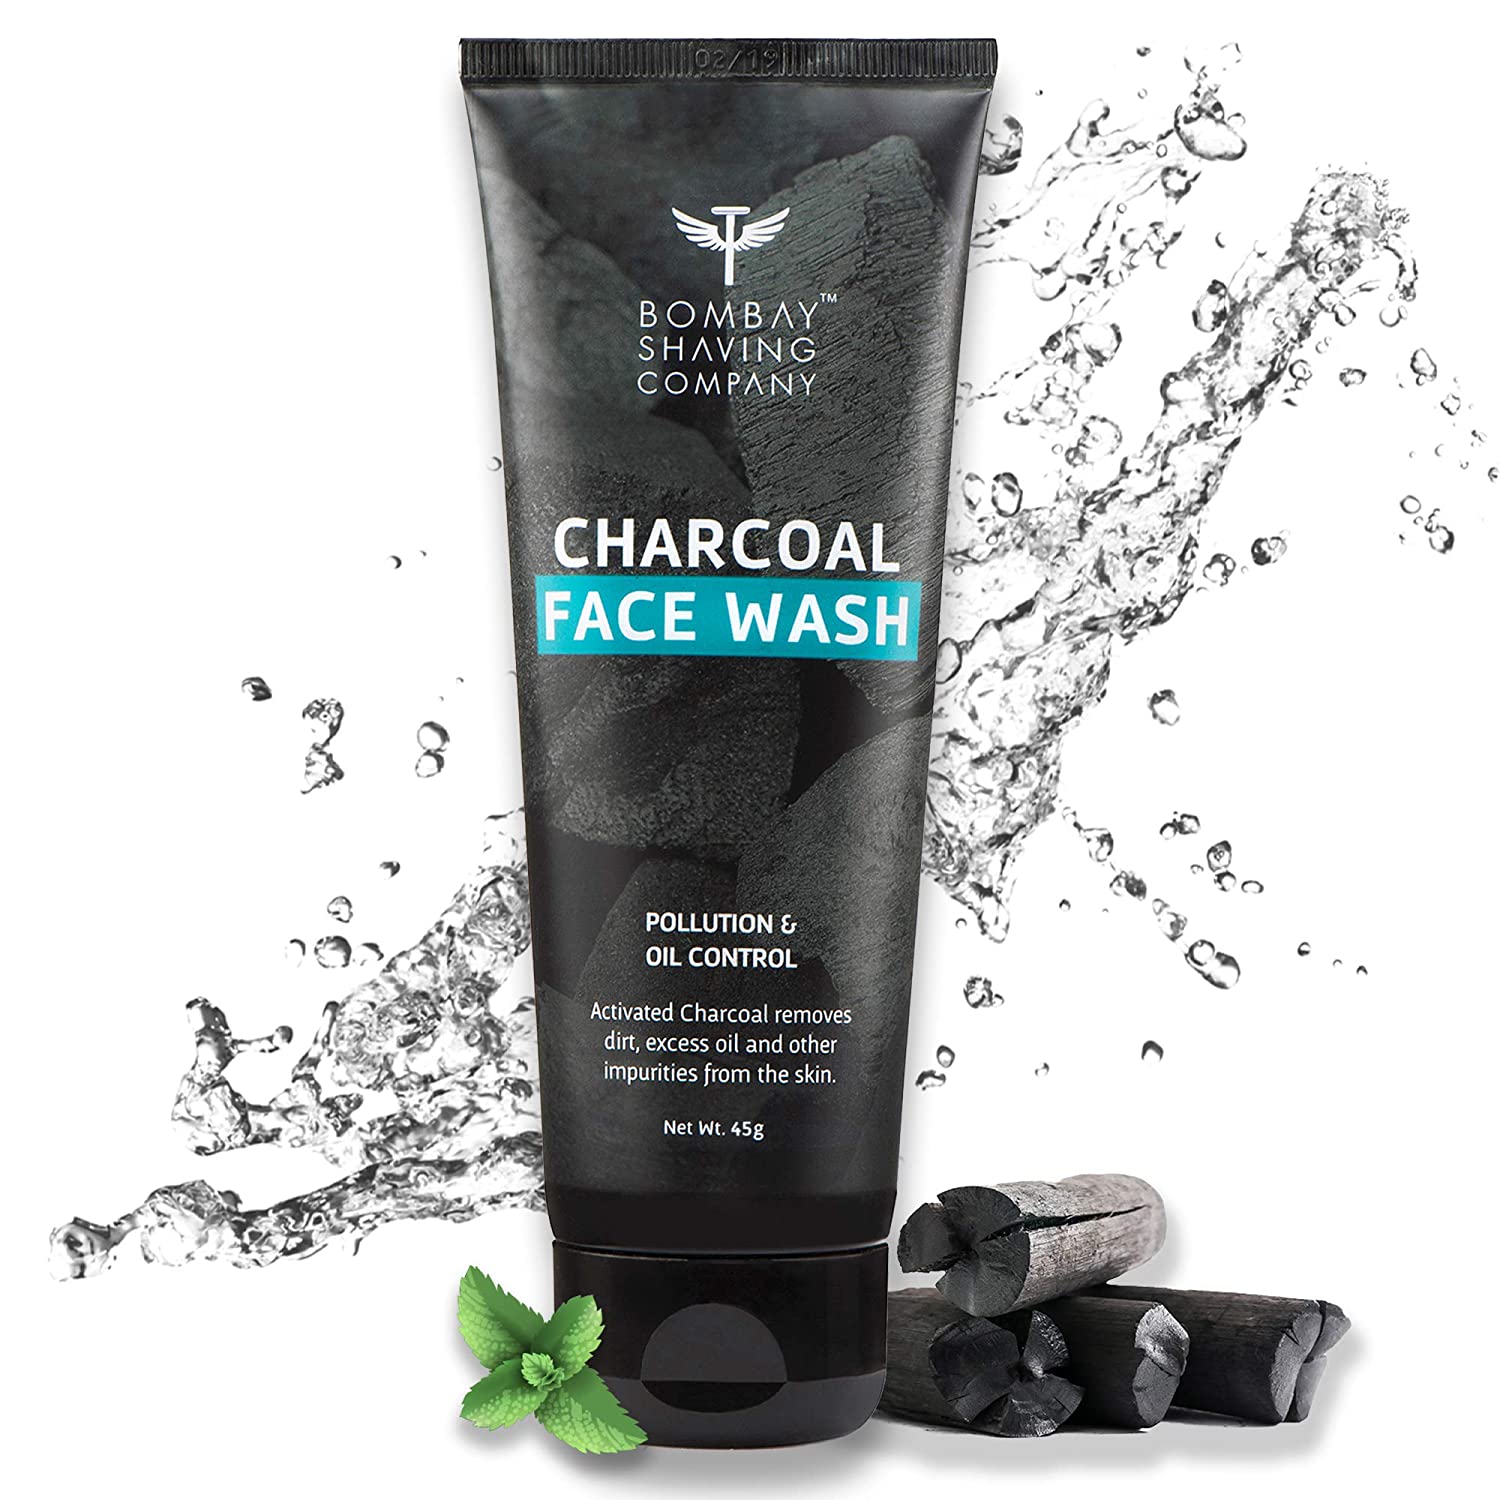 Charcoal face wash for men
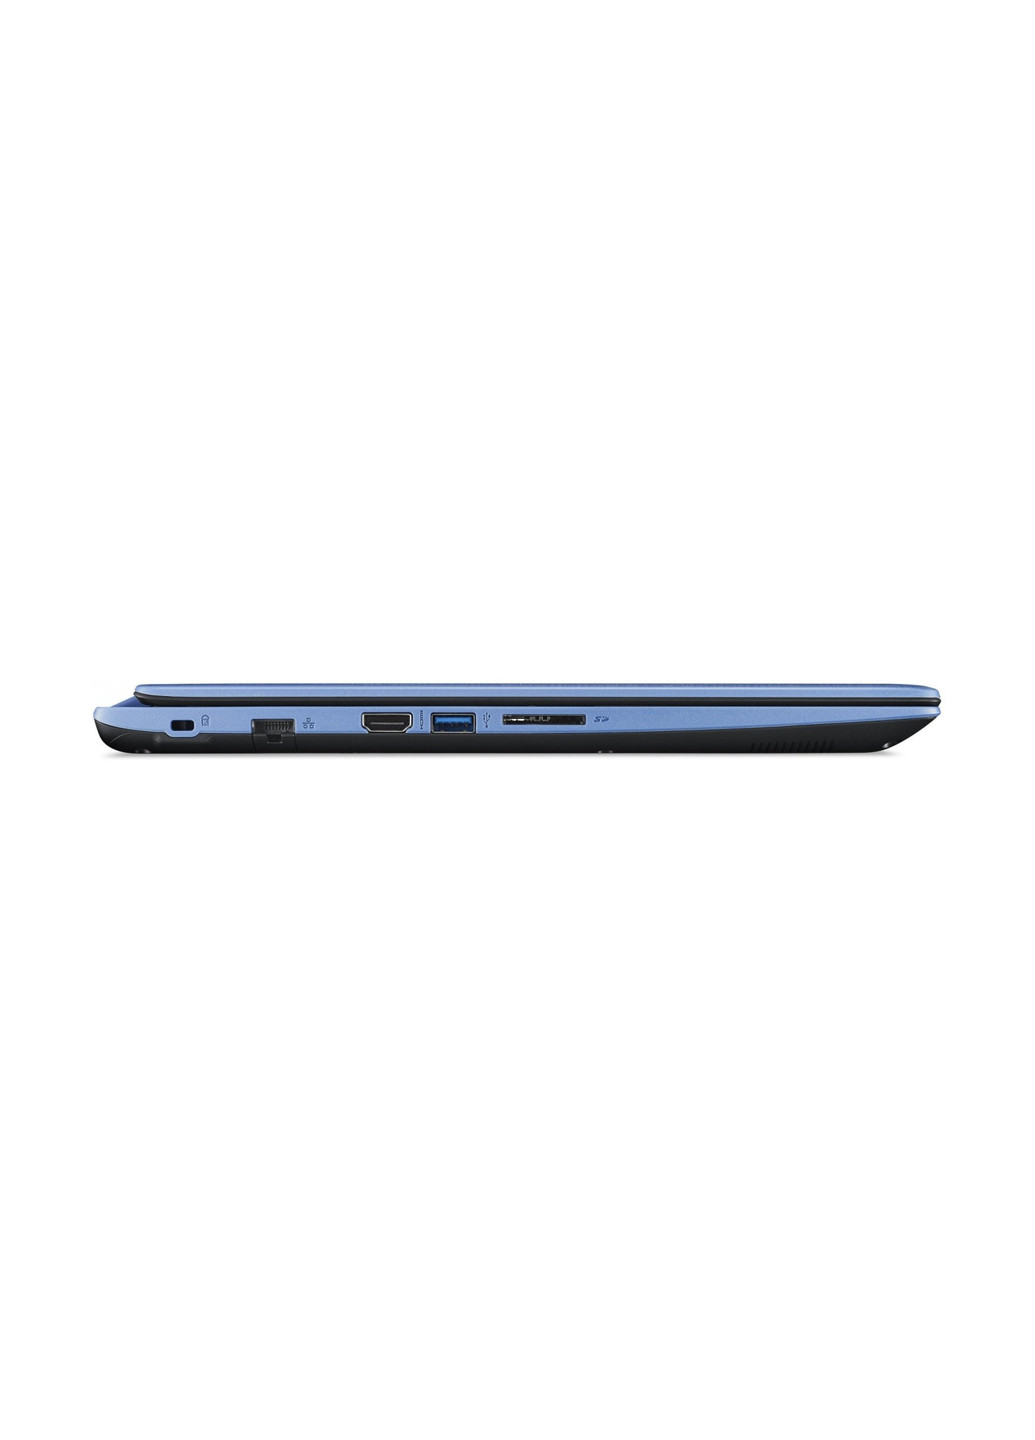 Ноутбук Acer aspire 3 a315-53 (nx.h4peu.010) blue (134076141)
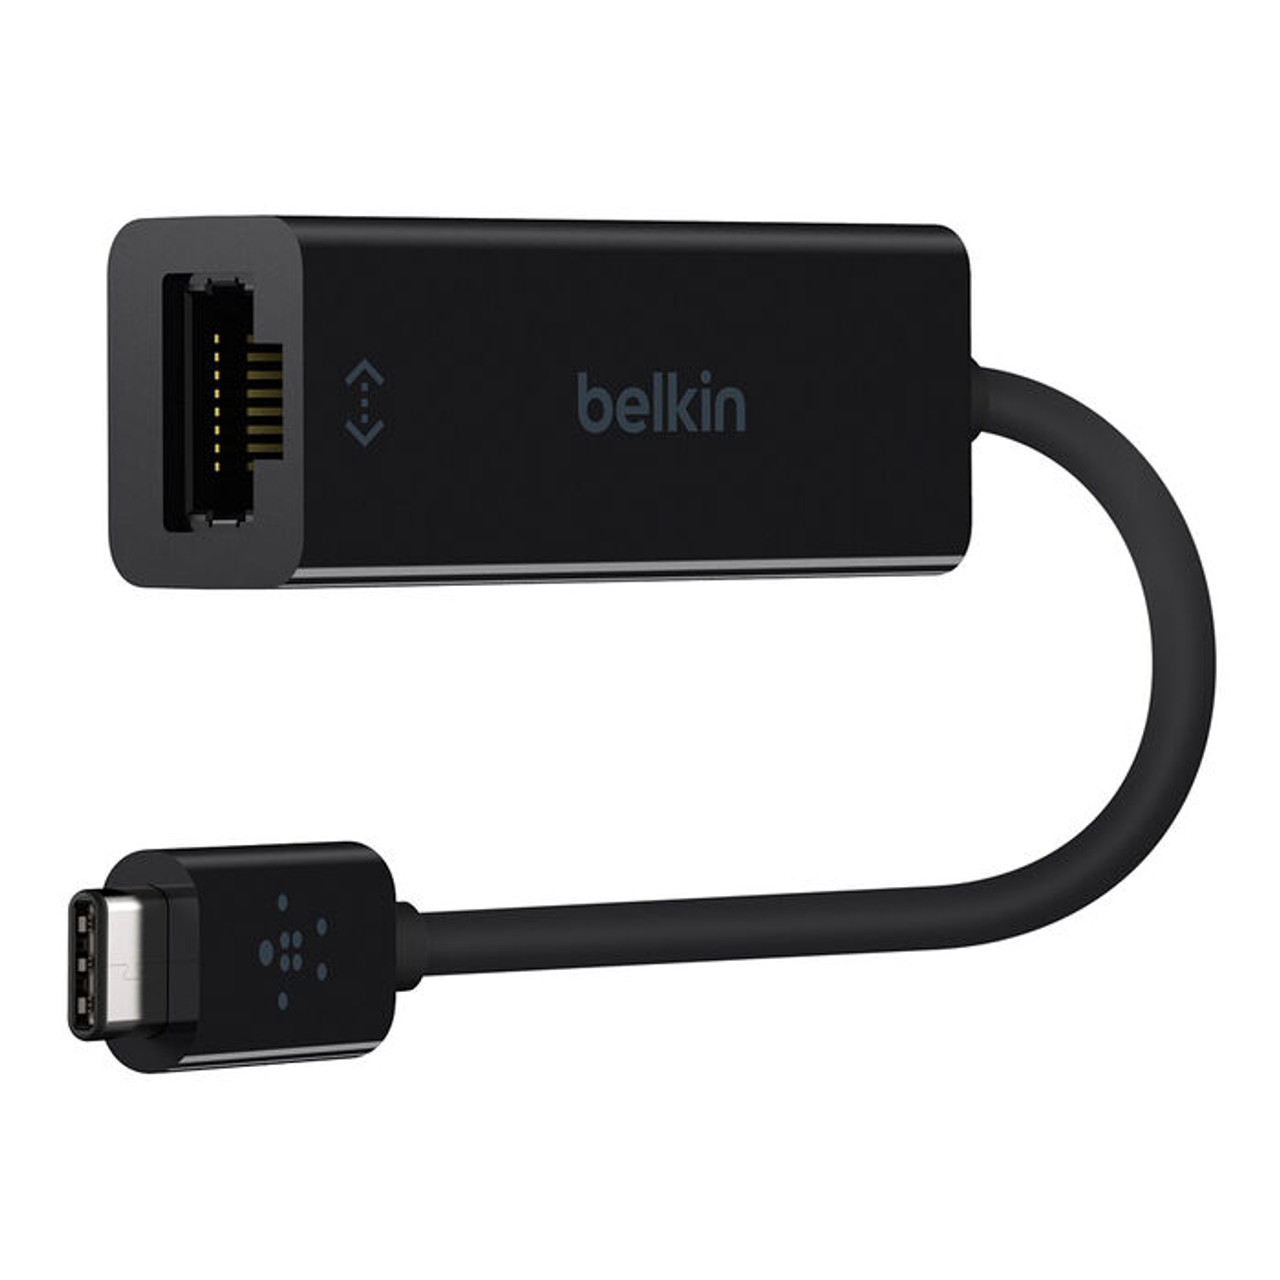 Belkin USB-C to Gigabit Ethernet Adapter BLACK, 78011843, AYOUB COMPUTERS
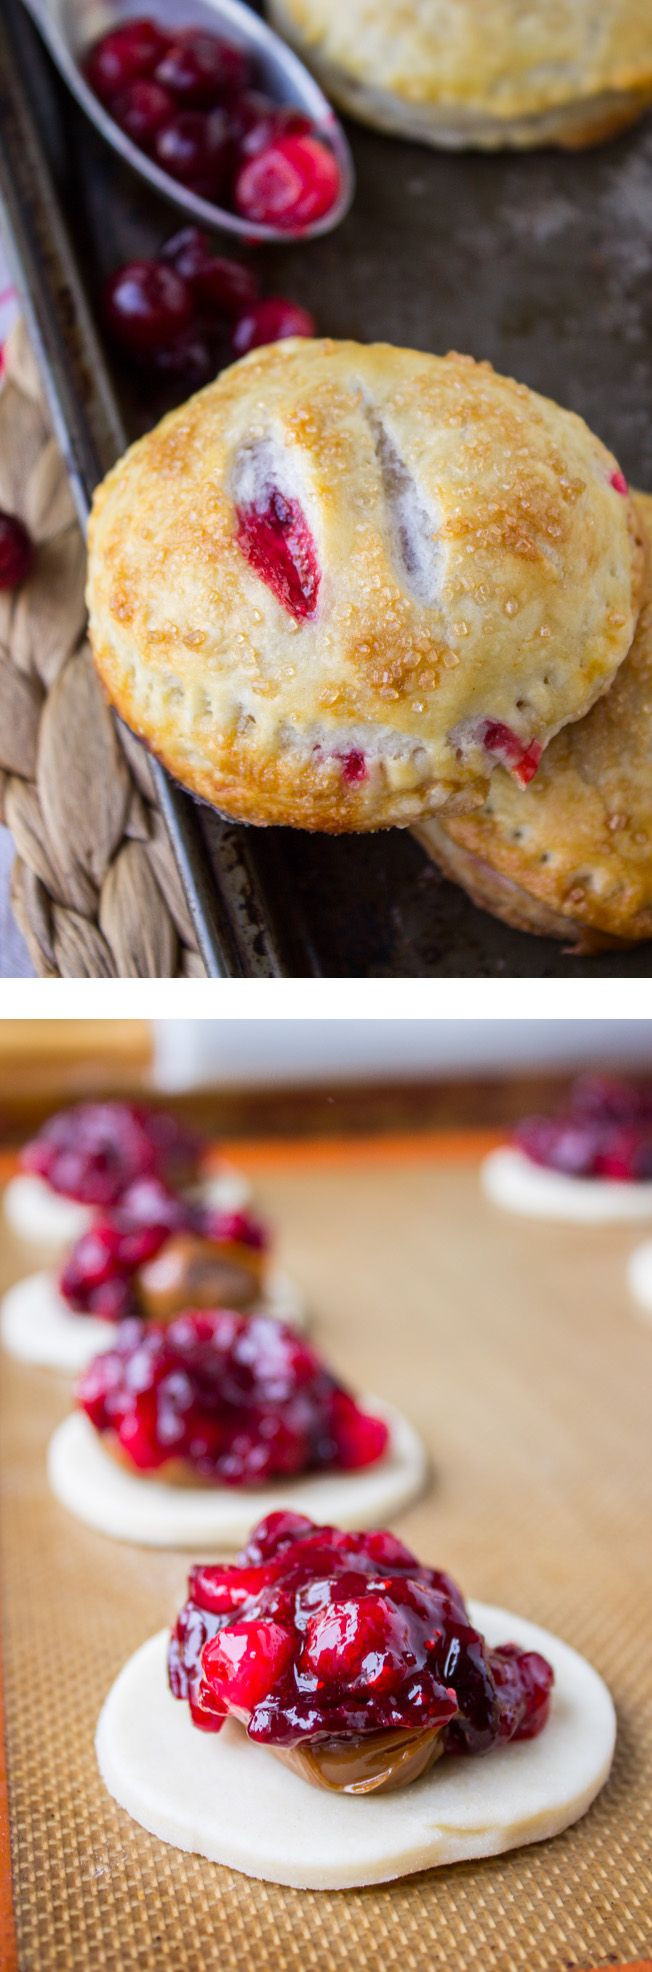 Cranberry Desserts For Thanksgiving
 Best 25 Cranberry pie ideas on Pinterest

******

* _EXERCISE_: Once the pictures are set aside, please output all the data word for word.

* _SOLUTION TO THE PROBLEM_:
 Charcoal face wash for men
 Ноутбук Acer aspire 3 a315-53 (nx.h4peu.010) blue (134076141)
 Belkin USB-C to Gigabit Ethernet Adapter BLACK, 78011843, AYOUB COMPUTERS
 Cranberry Desserts For Thanksgiving
 Best 25 Cranberry pie ideas on Pinterest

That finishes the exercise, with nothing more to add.